Aqueous flexographic ink or aqueous gravure ink, wherein the urethane resin (A) has an acid value in the range of 10 to 50 (Bionano nano having an average diameter of 1 nm to 100 nm and an aspect ratio of 100 or more Unless including fiber) .   The water-based flexographic ink or water-based gravure ink according to claim 1, wherein the surface tension at 25 ° C is 25 to 50 mN / m.   The water-based flexographic ink or water-based gravure ink according to claim 1, wherein the surface tension at 25 ° C is 33 to 43 mN / m.   The aqueous flexo ink or aqueous gravure ink according to any one of claims 1 to 3, wherein the aqueous medium is water or a mixture of water and an alcohol solvent.

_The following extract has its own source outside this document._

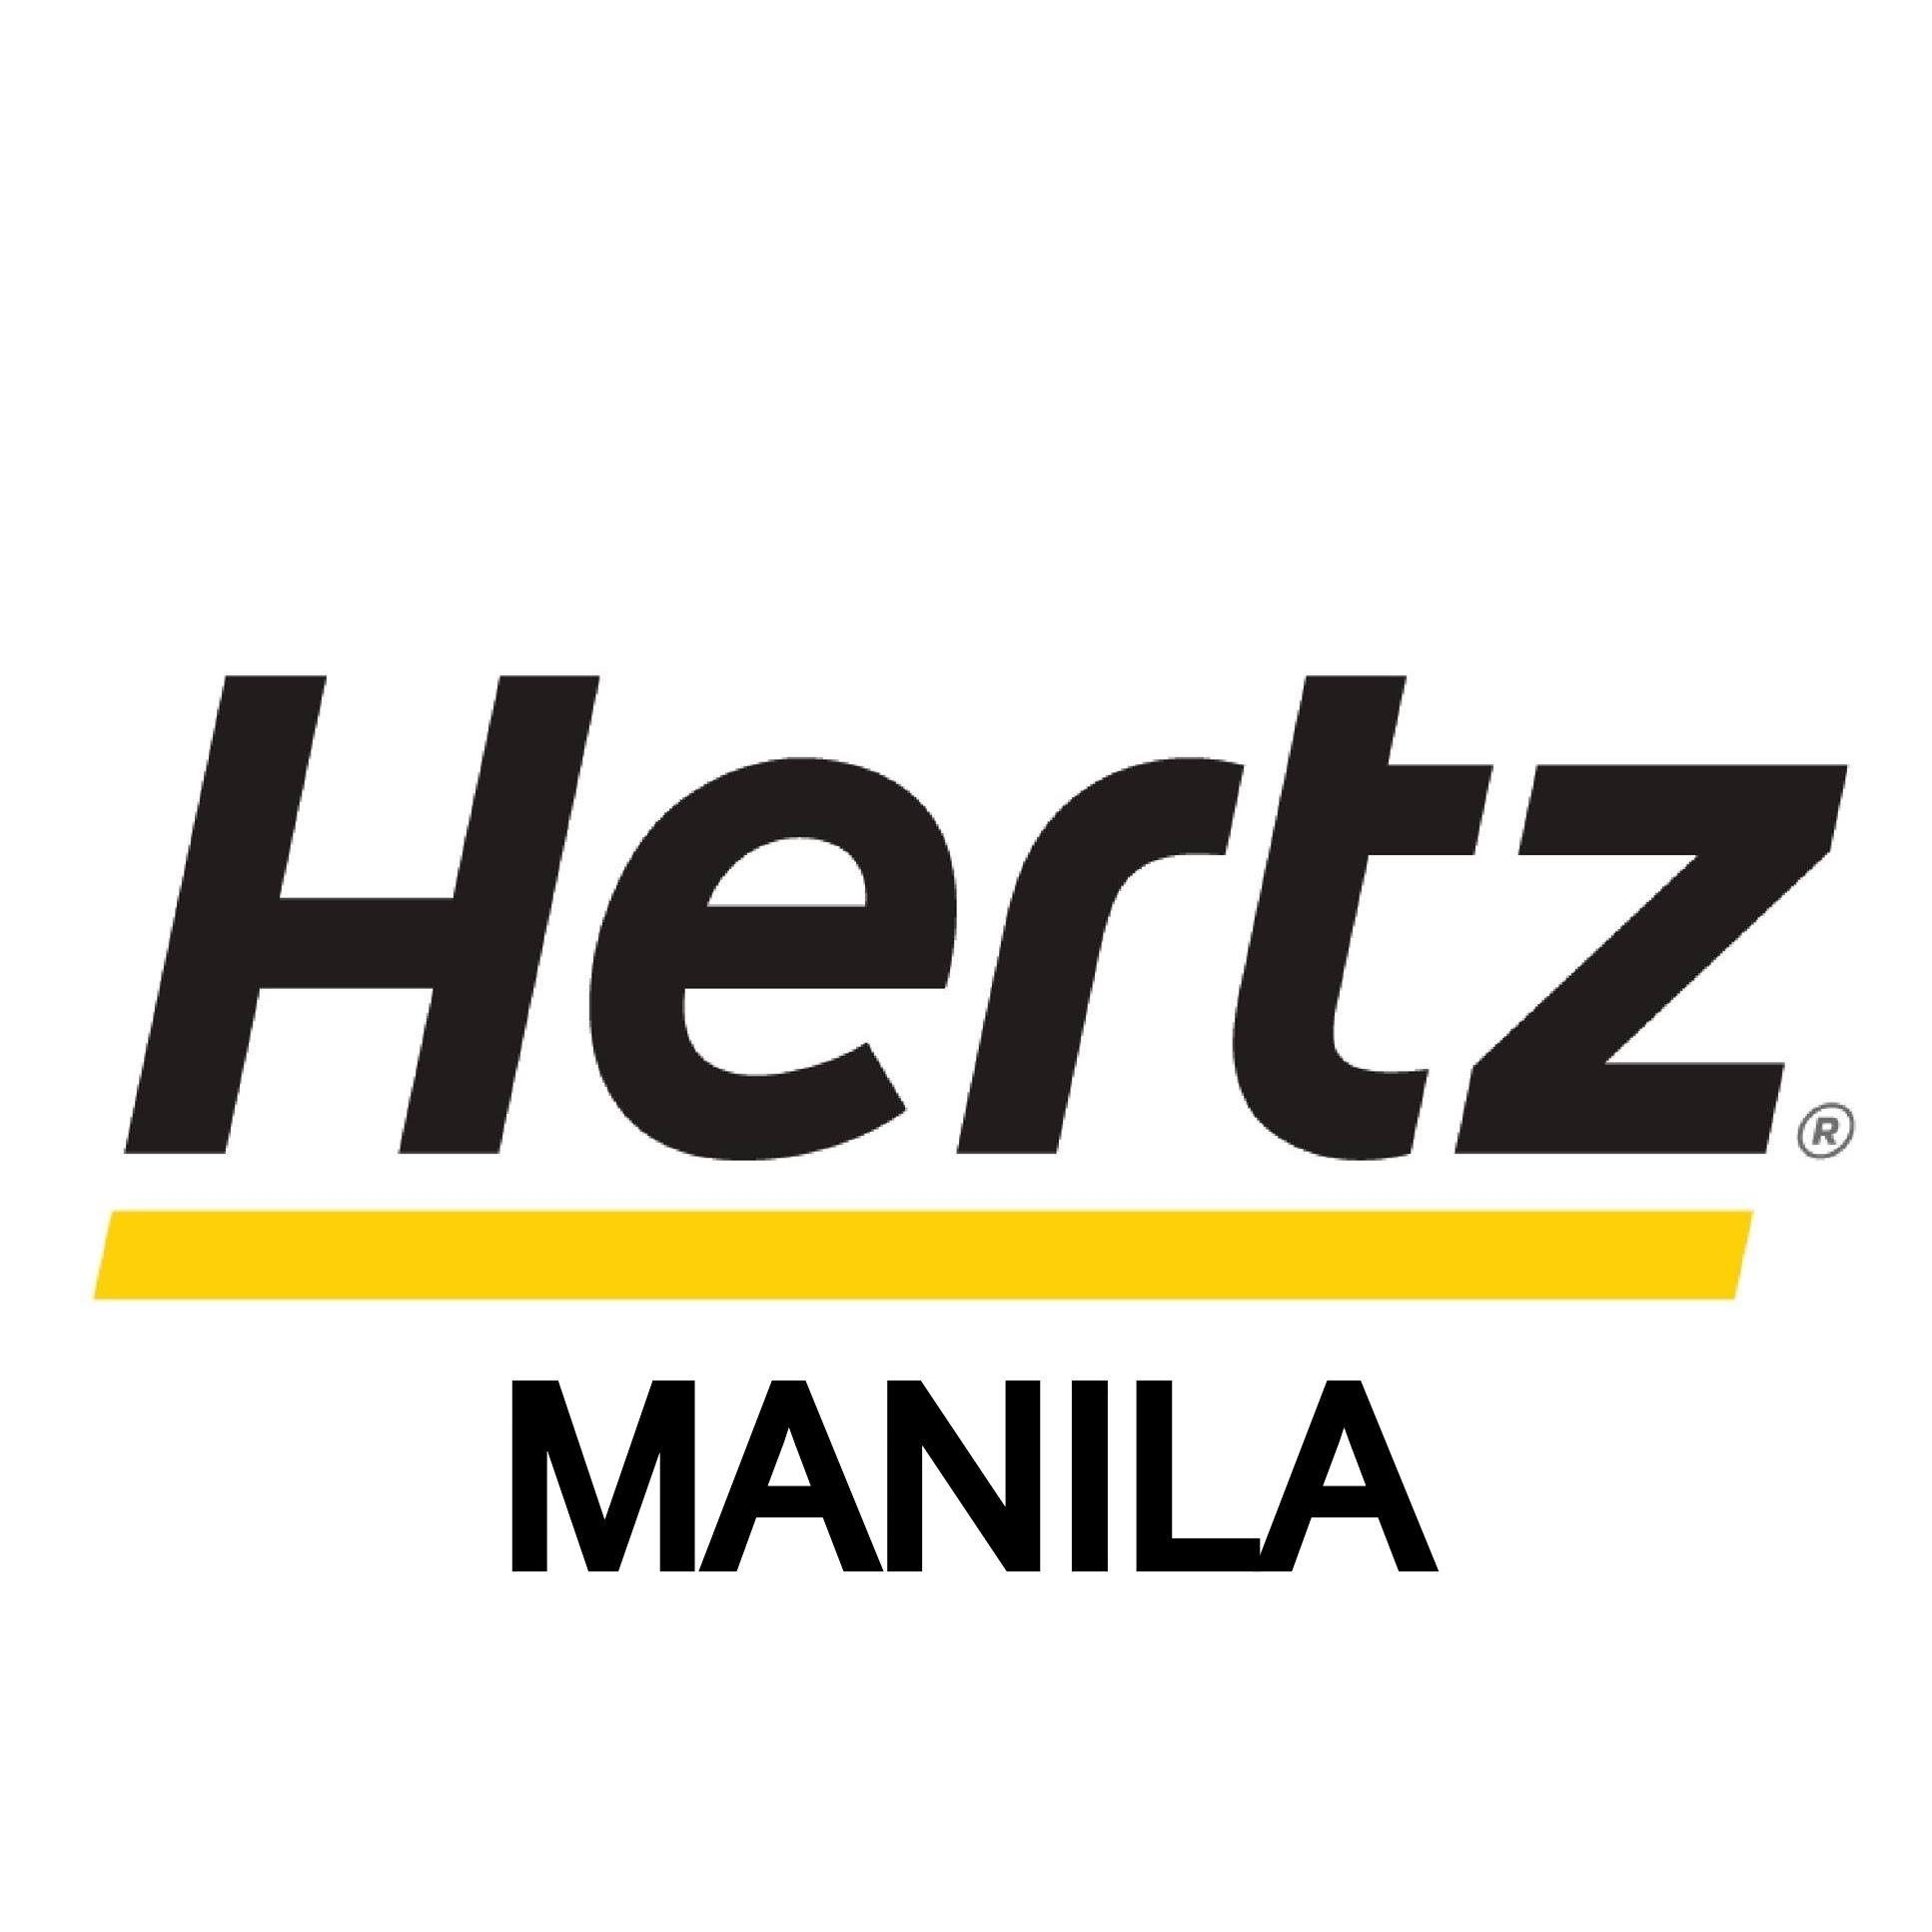 Hertz Manila.jpg

An aqueous flexographic ink or aqueous gravure ink according to any one of claims 1 to 4, a viscosity of aqueous flexographic ink is 7 to 25 seconds at using Zahn Cup # 4 25 ° C., or, viscosity, in using the Zahn cup # 3 25 ° C. 7 to 25 Byodea Ru water soluble gravure inks.   A printed matter, which is subjected to flexographic printing with the aqueous flexographic ink according to claim 1.   Gravure printing is given with the water-based gravure ink as described in any one of Claims 1-5, The printed matter characterized by the above-mentioned.